Caitriona Devery wrote a piece about reproductive futurism for Issue 002, and it became one of the most talked-about features in the magazine. The accompanying illustration was done by Dublin artist Cesca Saunders. Even in the throes of fever, Cesca was able to produce something that subtly enhanced Caitriona’s written piece.
Art collective Subset Dublin were compelled to commemorate the piece, painting something on the roof of Tara Building that was inspired by both the words and the illustration from the piece. Check it out and read ‘Reproductive Futurism’ below.
A few years ago an academic writer named Lee Edelman published a book called No Future — Queer theory and the Death Drive. In it, Edelman railed against “Reproductive Futurism”, the idea that in popular cultural imagination we place the figure of the child at the centre of our politics and aspirations for the future. The child represents an endless deferral of our political responsibilities. Reproduction itself becomes more important than what is reproduced. Around issues like the environment we are constantly asked to act for the sake of the children to come. The symbolic child is seen as the natural beneficiary of our actions; it’s how we imagine the future in terms of linear time. Nobody is criticising actual children or reproduction but Edelman’s point was that exclusive imagination of the future for the sake of the innocent kids — “think of the children” — can serve to reproduce society in the same way over and over. The demand to act for these future youngsters leads to paralysis.
It’s not about now, rather it’s about something removed from us, embodied in the idea of the child. Edelman argues that this reproductive futurism creates a logic that controls how we imagine change and ownership over our own future. We don’t want to think about changes we must make right now; we trust in the hope that the magic of the future and future children will relieve us of our responsibilities. Implicit in such cries to “think of the children” are conservative ideas about family, parenthood and how societies and communities should be organised. Edelman was interested in how queer culture and politics is — and should be — placed in opposition to the heteronormative worldview.

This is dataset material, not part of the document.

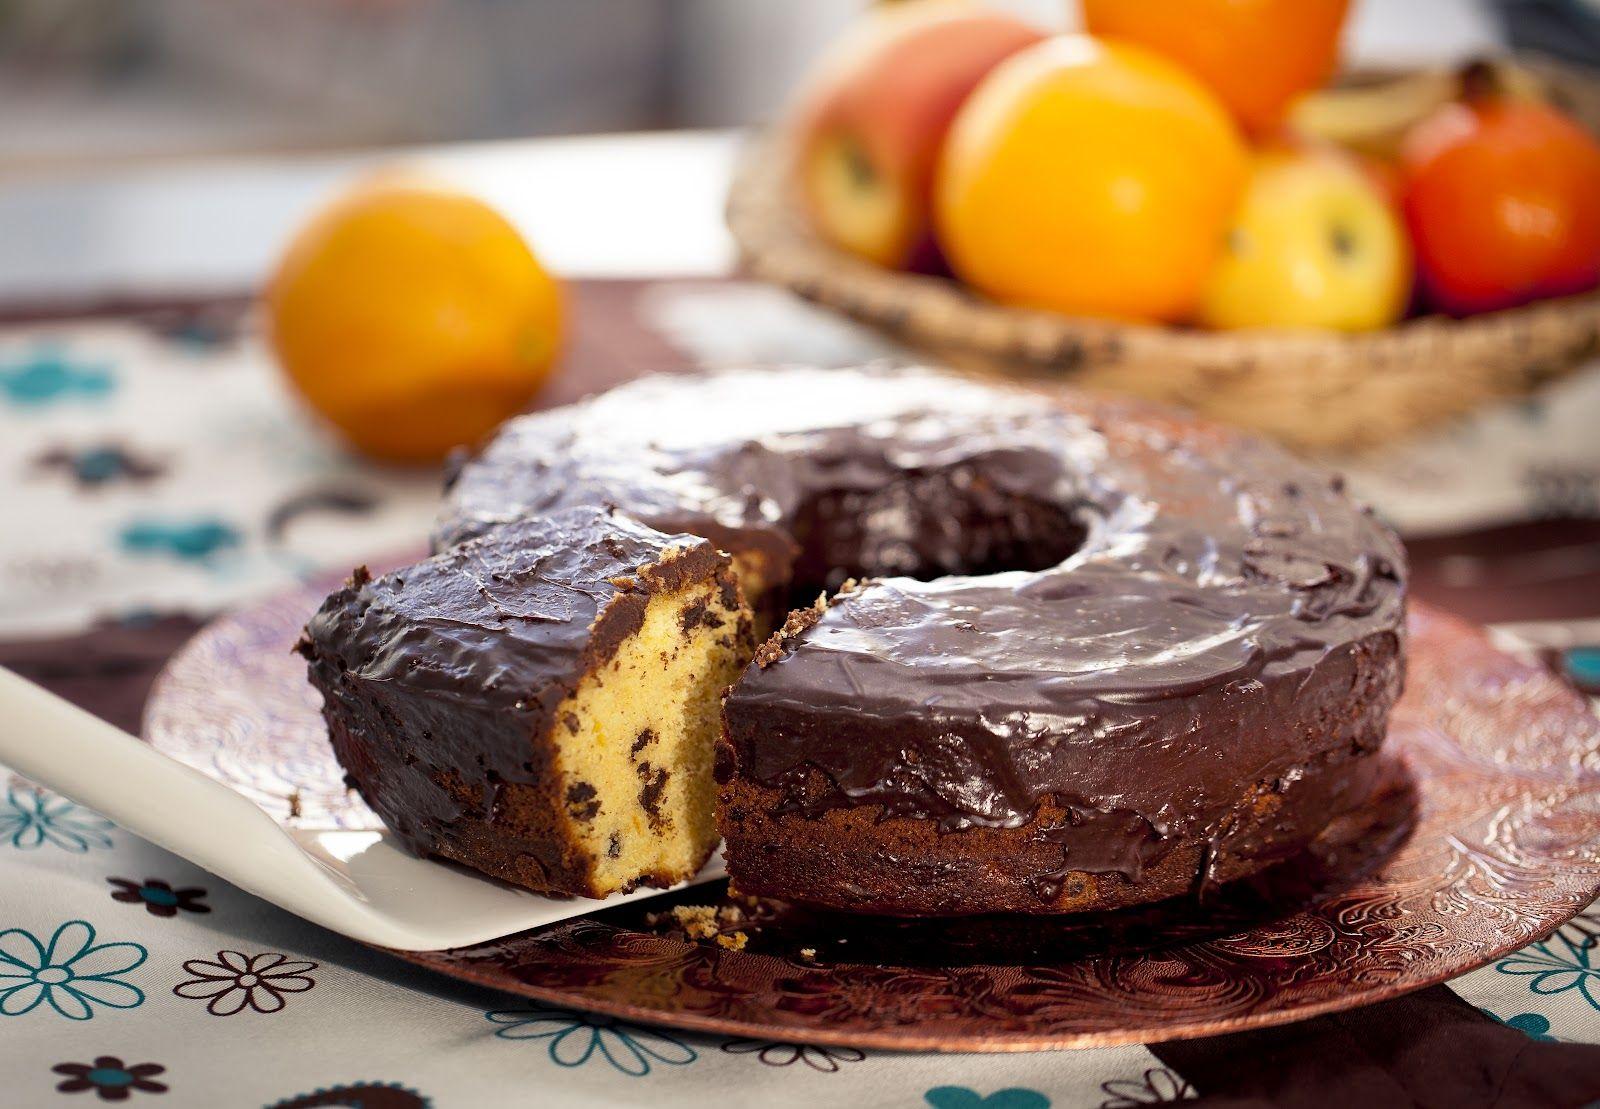 Si el bizcocho de naranja está bueno por si solo, imaginaos como estará añadiendole unas pepitas de chocolate y una cobertura de más chocol...

Queerness for him is something that can disrupt the existing social and political order. His is an academic book rooted in psychoanalytic concepts. Yet in spite of its impenetrability, the central premise — how we configure the idea of the future child — bears the weight of extrapolation beyond queer politics. Edelman wants the social order to move beyond stasis, beyond consensus — into disruption, action and change. What we consider possible in the world is mediated and constructed through our culture. ‘No Future’ looked at popular culture in particular and uses examples from Dickens and Hitchcock that juxtapose the innocence of the child against the horror of the outsider. More critical and recent riffs on our reproductive futurism obsession would be Alfonso Cuaron’s ‘Children of Men’ and Margaret Atwood’s ‘The Handmaid’s Tale’. While Edelman was looking through a queer lens the importance we give this abstract future child is relevant to everyone. And not just in an imaginary or artistic sense. We don’t have to look far in this country for examples of how the future (unborn) child is elevated above the mother who is currently alive — even when her life may be put at risk in order to bring it into the world.
“A rigid emphasis on the sacredness of an abstract life that doesn’t yet exist, placed above the messy reality of imperfect living ones is the real tragedy at the heart of our future dreams.”

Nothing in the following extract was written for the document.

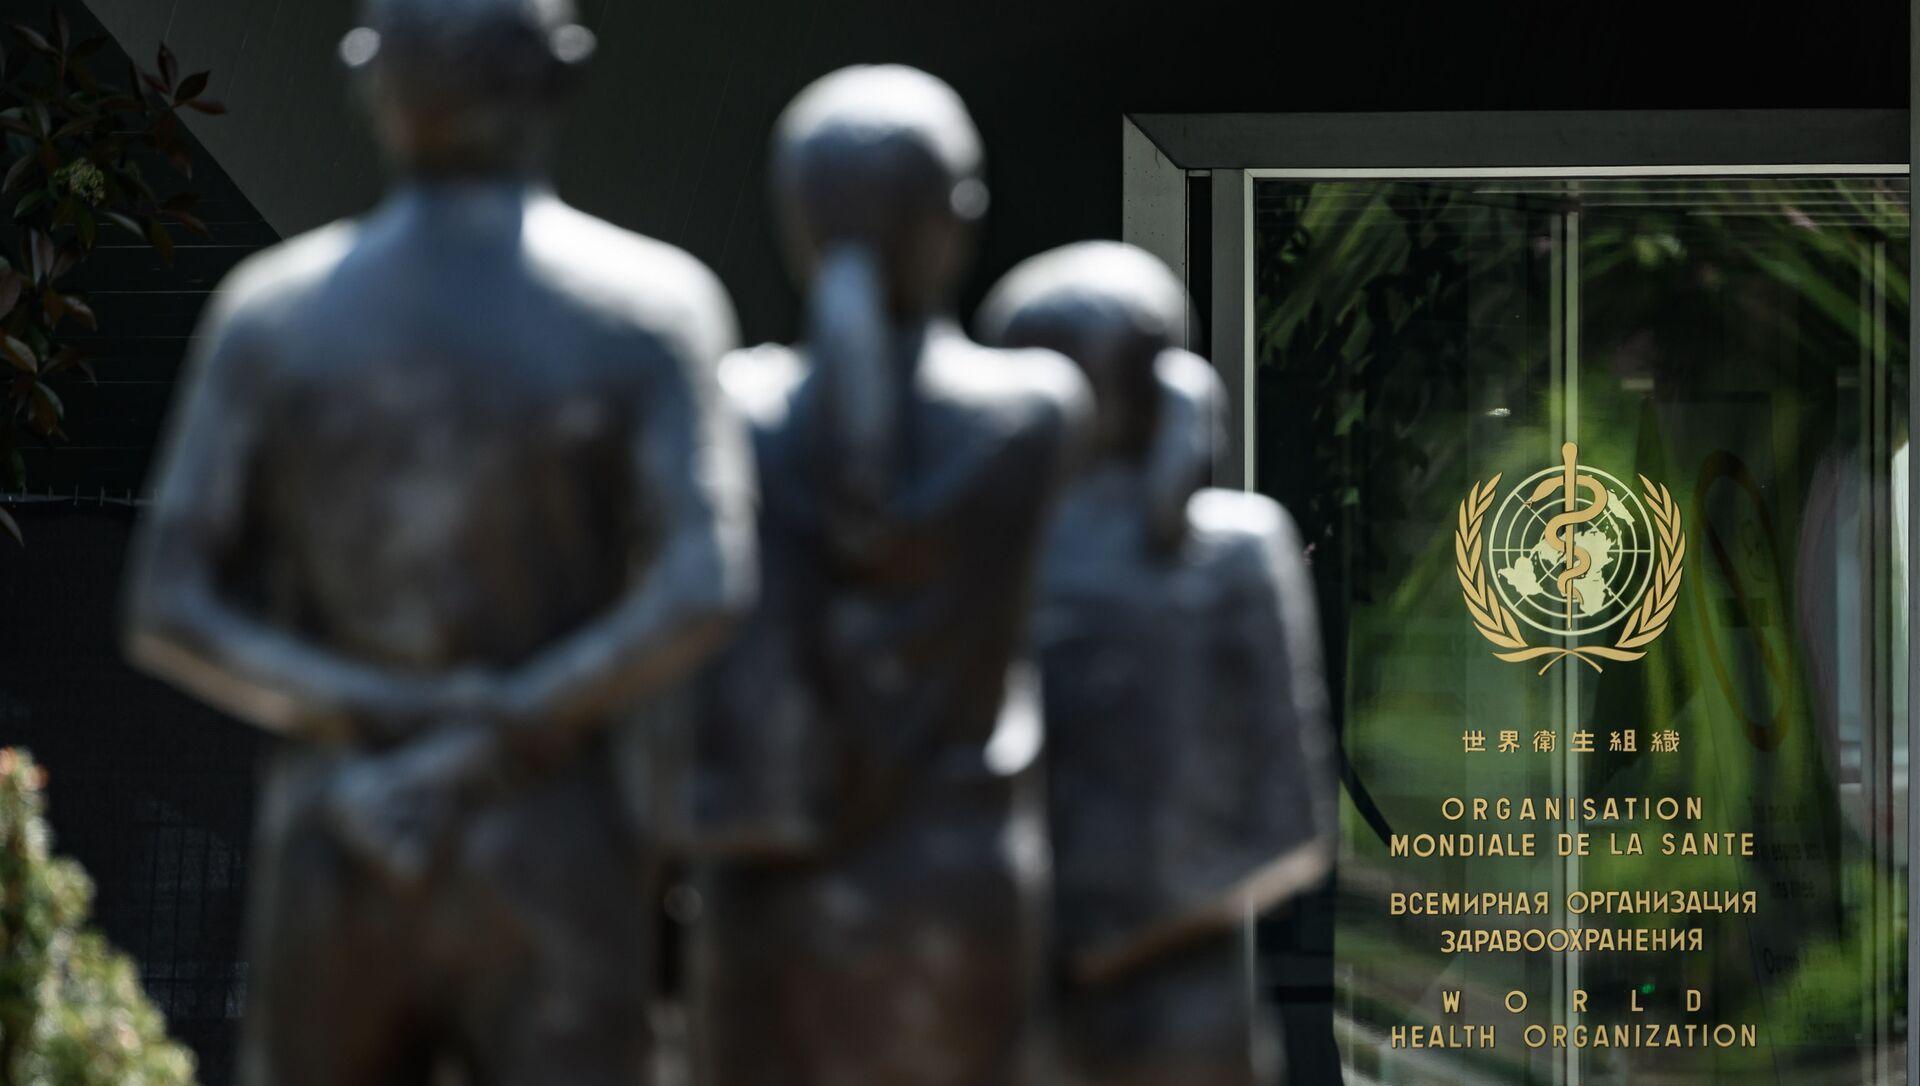 На этом снимке, сделанном 24 апреля 2020 года, изображены статуи, стоящие перед входом в штаб-квартиру Всемирной организации здравоохранения (ВОЗ) в Женеве, на фоне вспышки COVID-19, вызванной новым коронавирусом. - Sputnik Абхазия, 1920, 19.08.2021

Pro-life groups appear to believe that the life of an unblemished innocent in the ever-to-come future is worth more than the life of its mother in the present. In the US the irony is further highlighted when the life and the health of the future abstract unborn child is privileged far above the life and health of impoverished citizens — not to mention those unlucky enough to be illegal, or to have committed crimes. The distraction of abstract children as an idea, particularly those yet to be born, is a conservative device that romanticises the idea of innocence and puts the pressure on tomorrow. Not today. 52 The utopia of the future will never come. If thought of in this way, it is eternally deferred.

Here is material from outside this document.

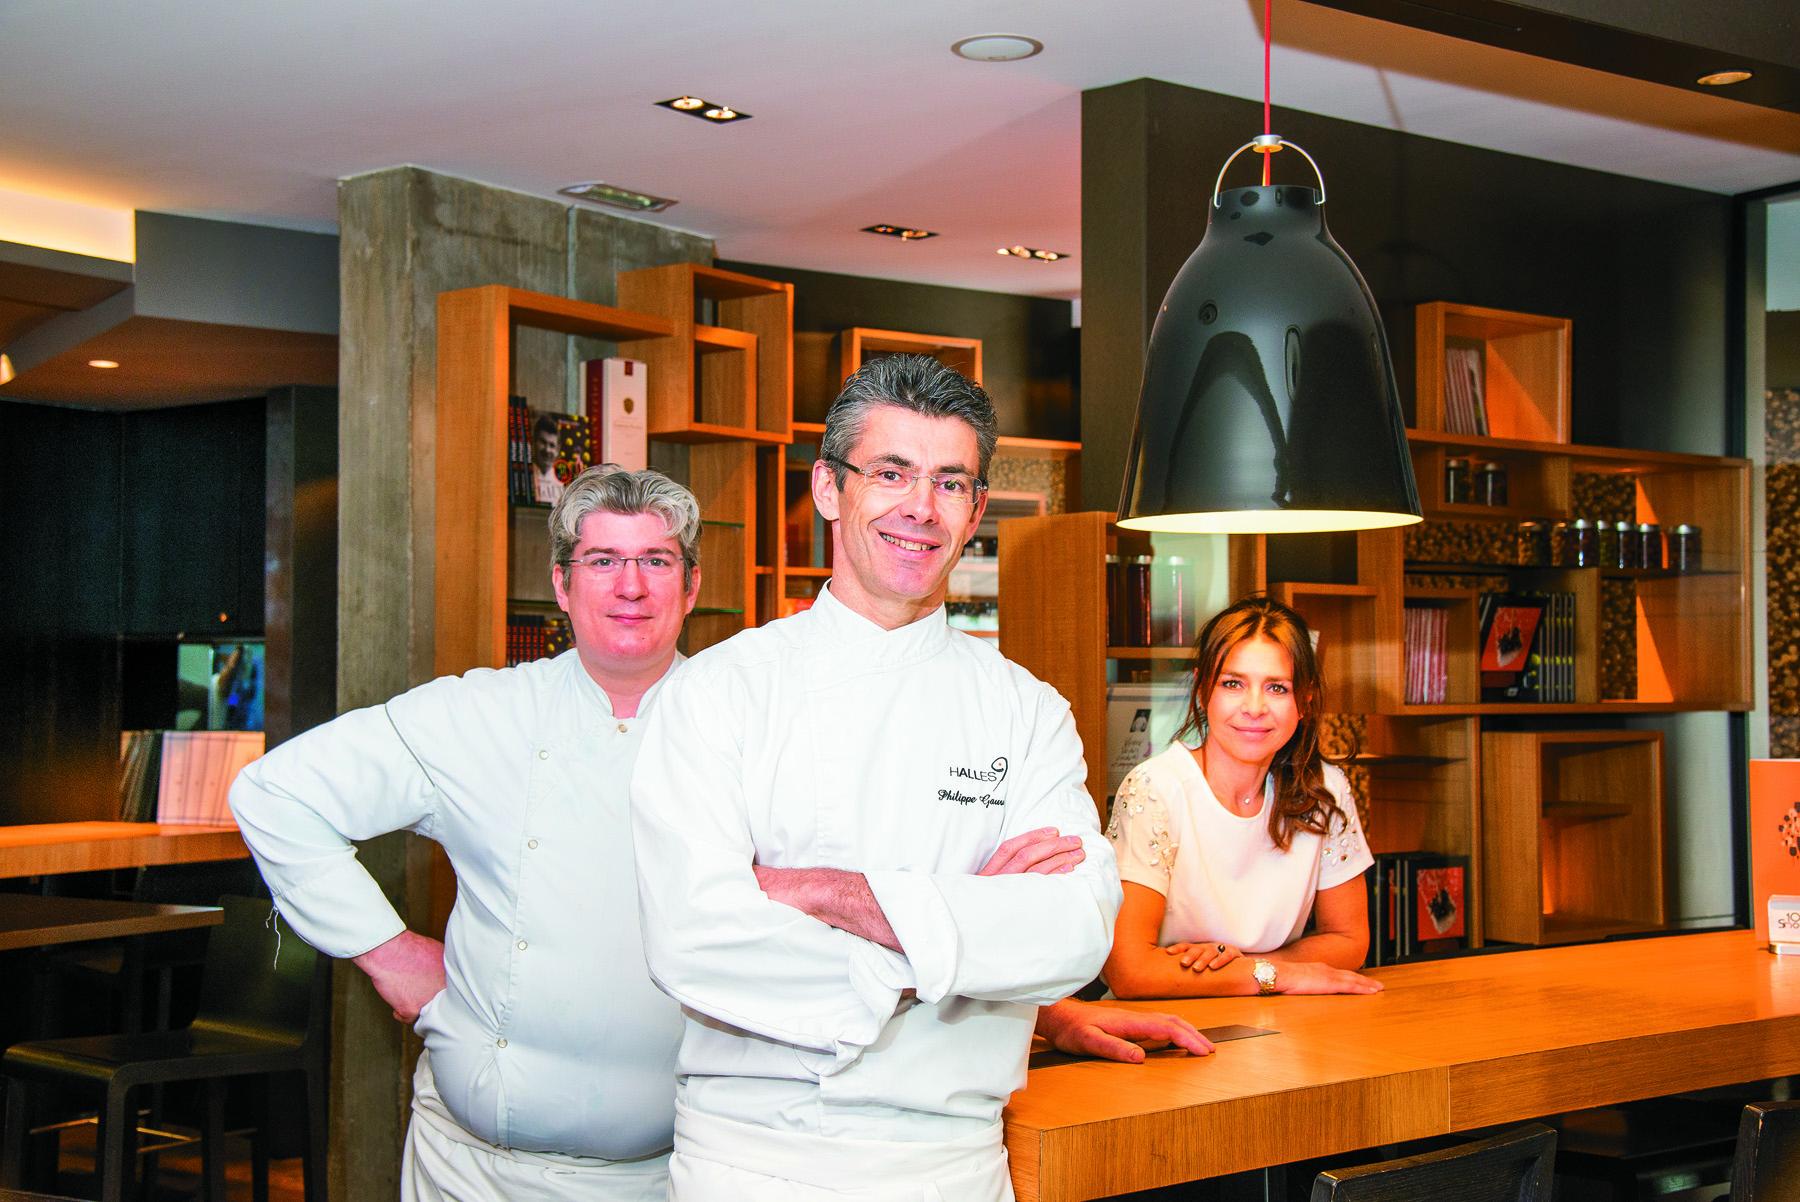 Restaurant Brasserie Halles 9 - Philippe Gauvreau

A rigid emphasis on the sacredness of an abstract life that doesn’t yet exist, placed above the messy reality of imperfect living ones is the real tragedy at the heart of our future dreams. Treating the past with nostalgia and imbuing the future in a dreamlike Neverland is the foundation of political paralysis. The proposition to give up the future in order to save it may be a very radical vision for society. But if our obsession is leading to inaction and suffering, is it time to ditch the figurative baby along with the ideological bathwater?